*** Opening of Dataset excerpt ***

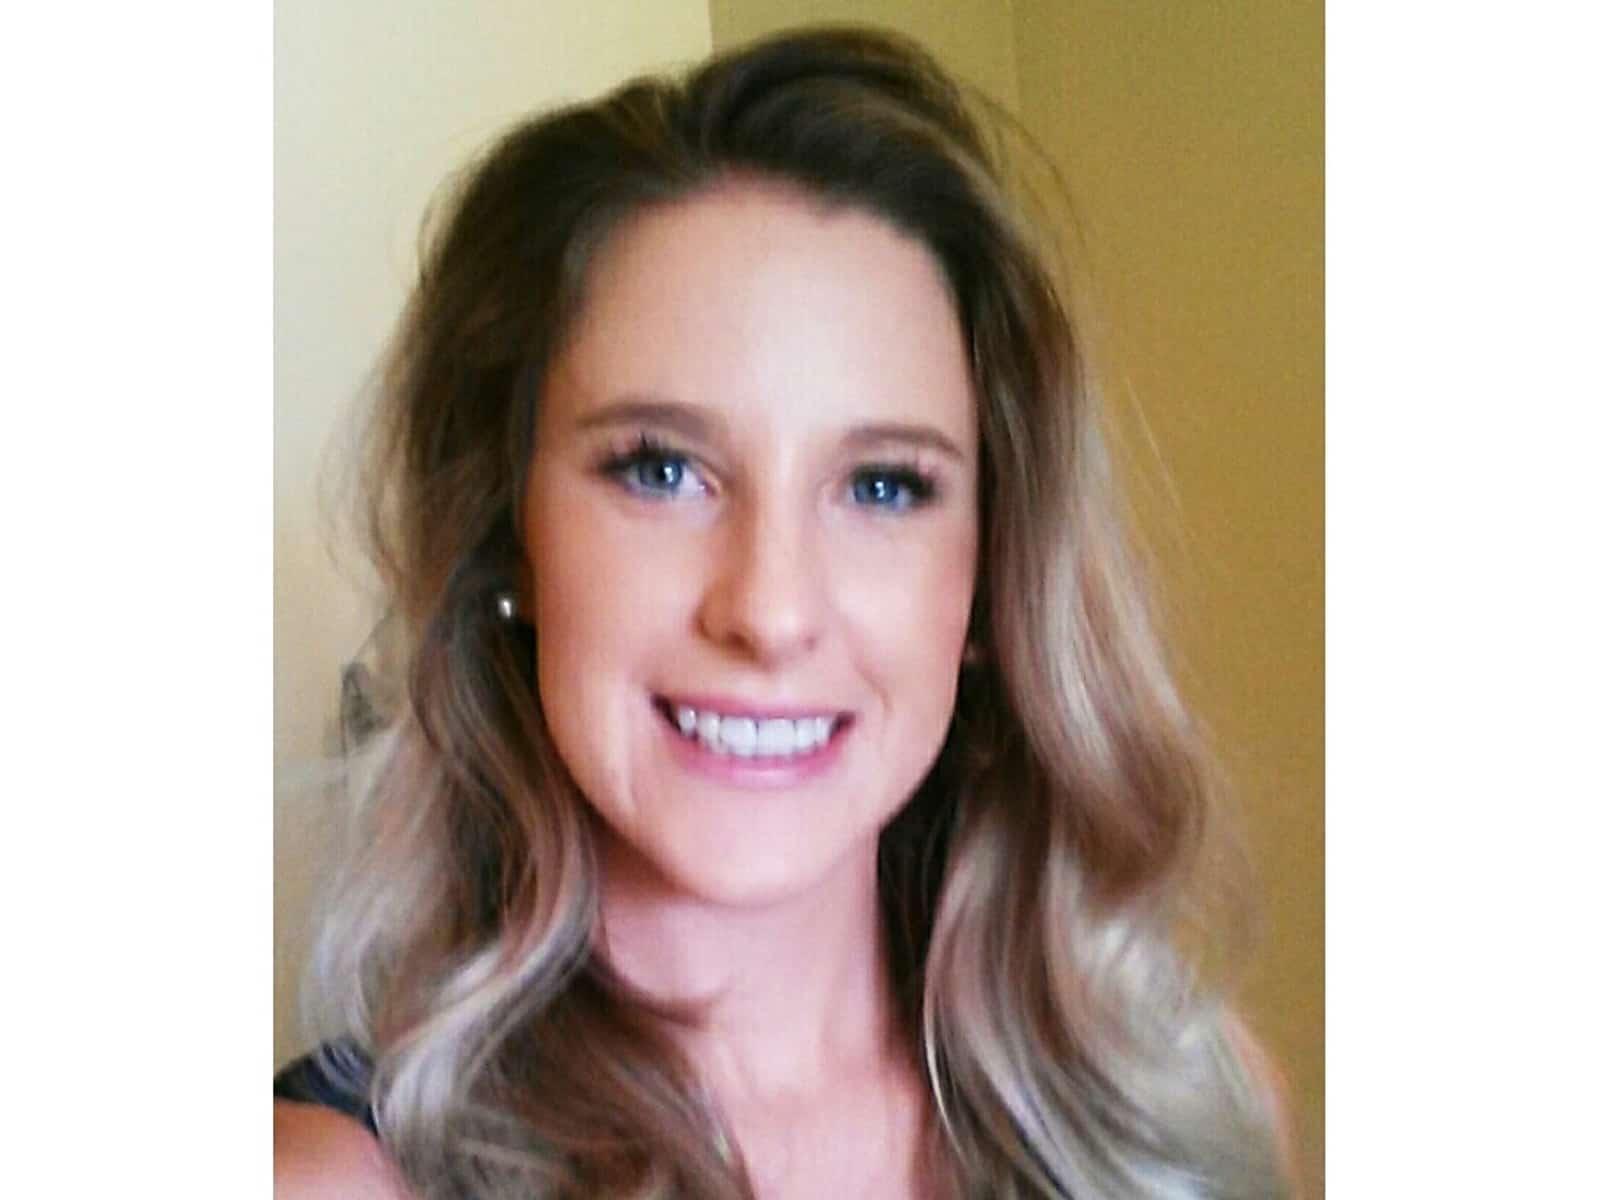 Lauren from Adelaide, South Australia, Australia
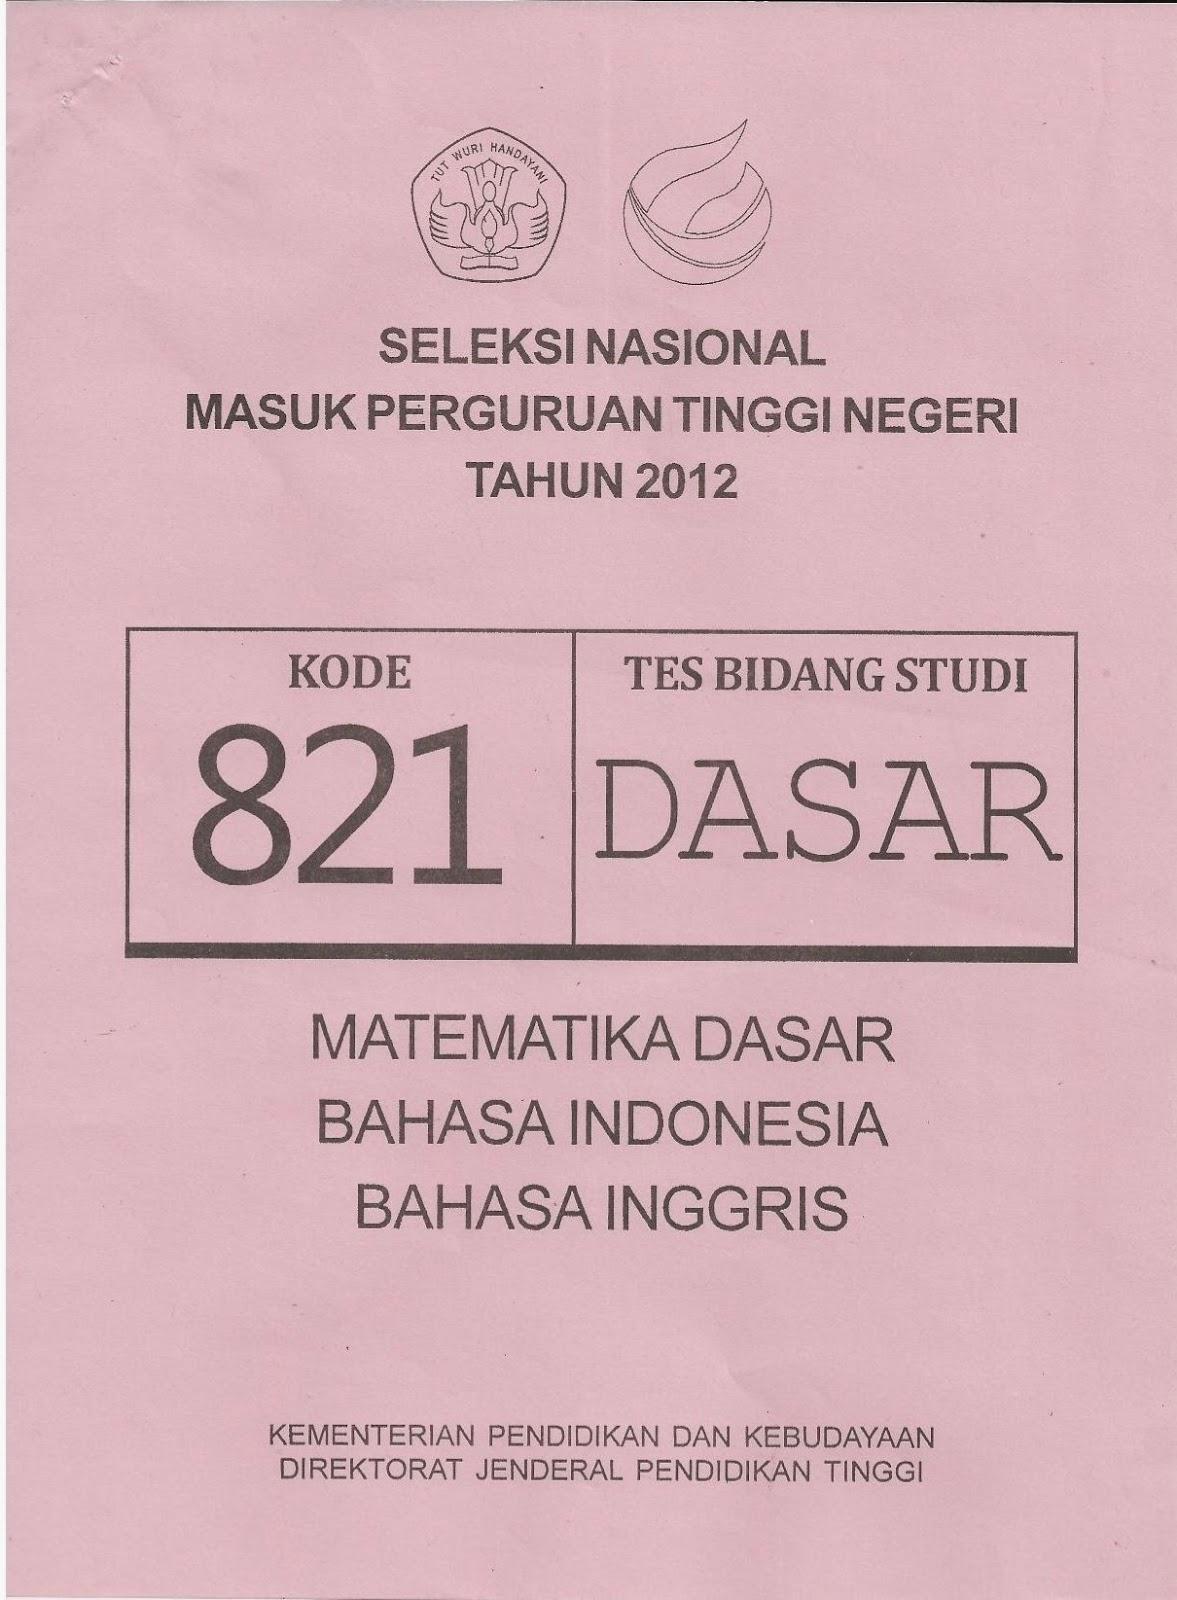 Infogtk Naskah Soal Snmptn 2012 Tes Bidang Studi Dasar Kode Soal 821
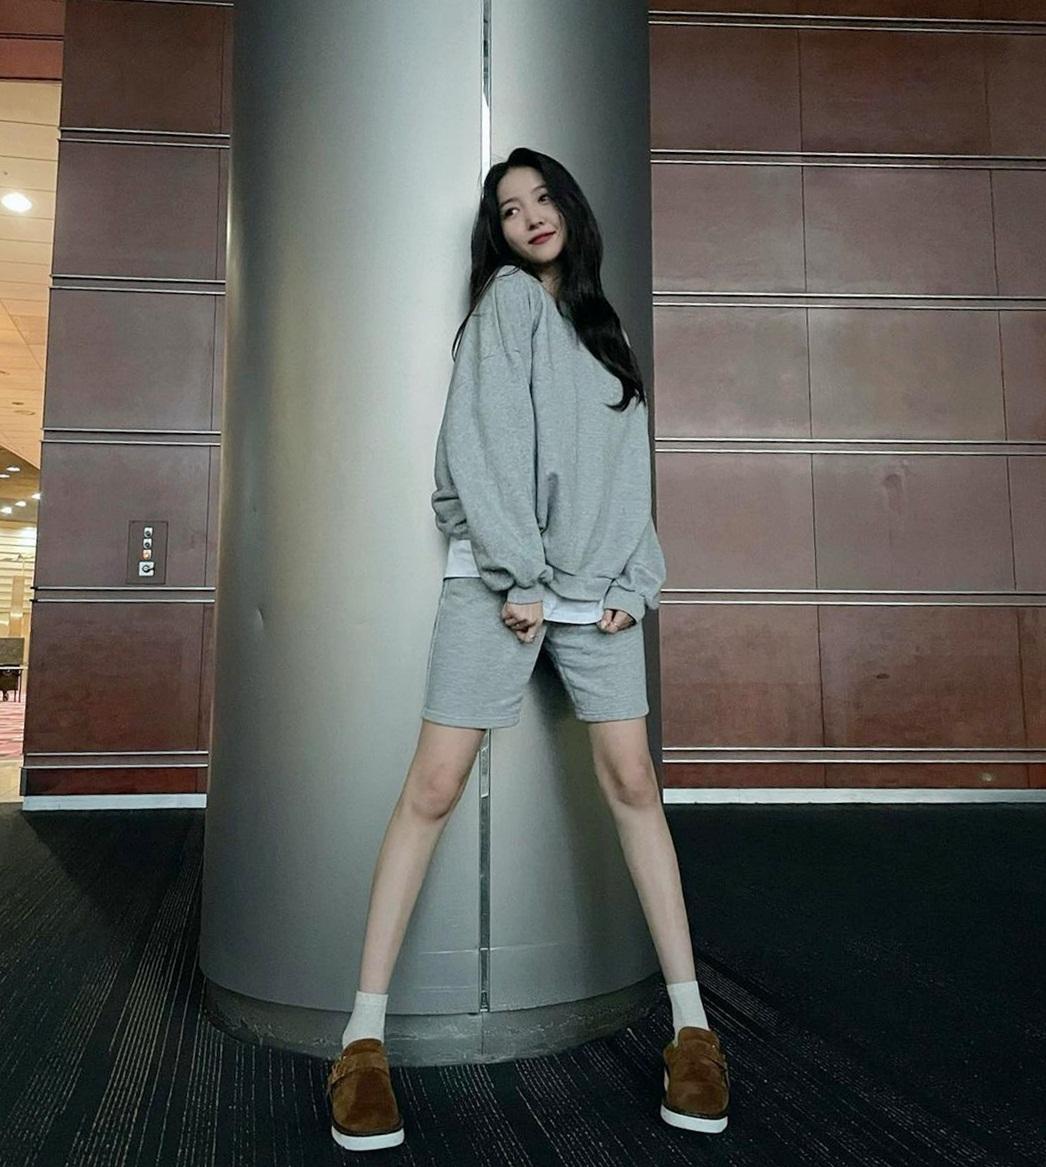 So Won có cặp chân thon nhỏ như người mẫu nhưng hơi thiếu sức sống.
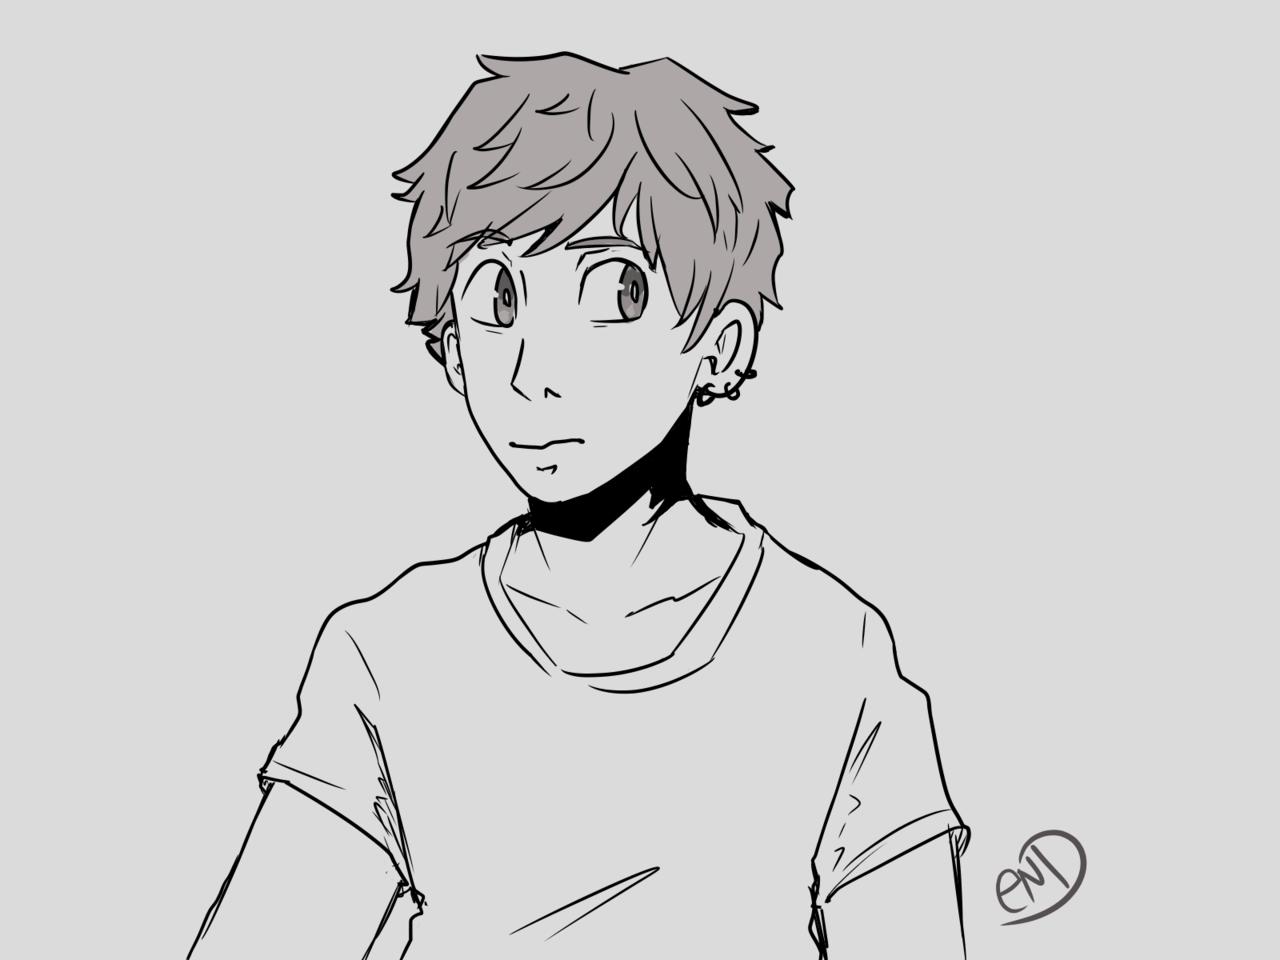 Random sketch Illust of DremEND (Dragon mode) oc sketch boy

*** Close of Dataset excerpt ***

## [To do]
Take the lines from the one holding "So Won có cặp" through the final line of the listing above and copy them exactly, both ends included, with no pictures.

## [Output of the exercise]
 So Won có cặp chân thon nhỏ như người mẫu nhưng hơi thiếu sức sống.
 Random sketch Illust of DremEND (Dragon mode) oc sketch boy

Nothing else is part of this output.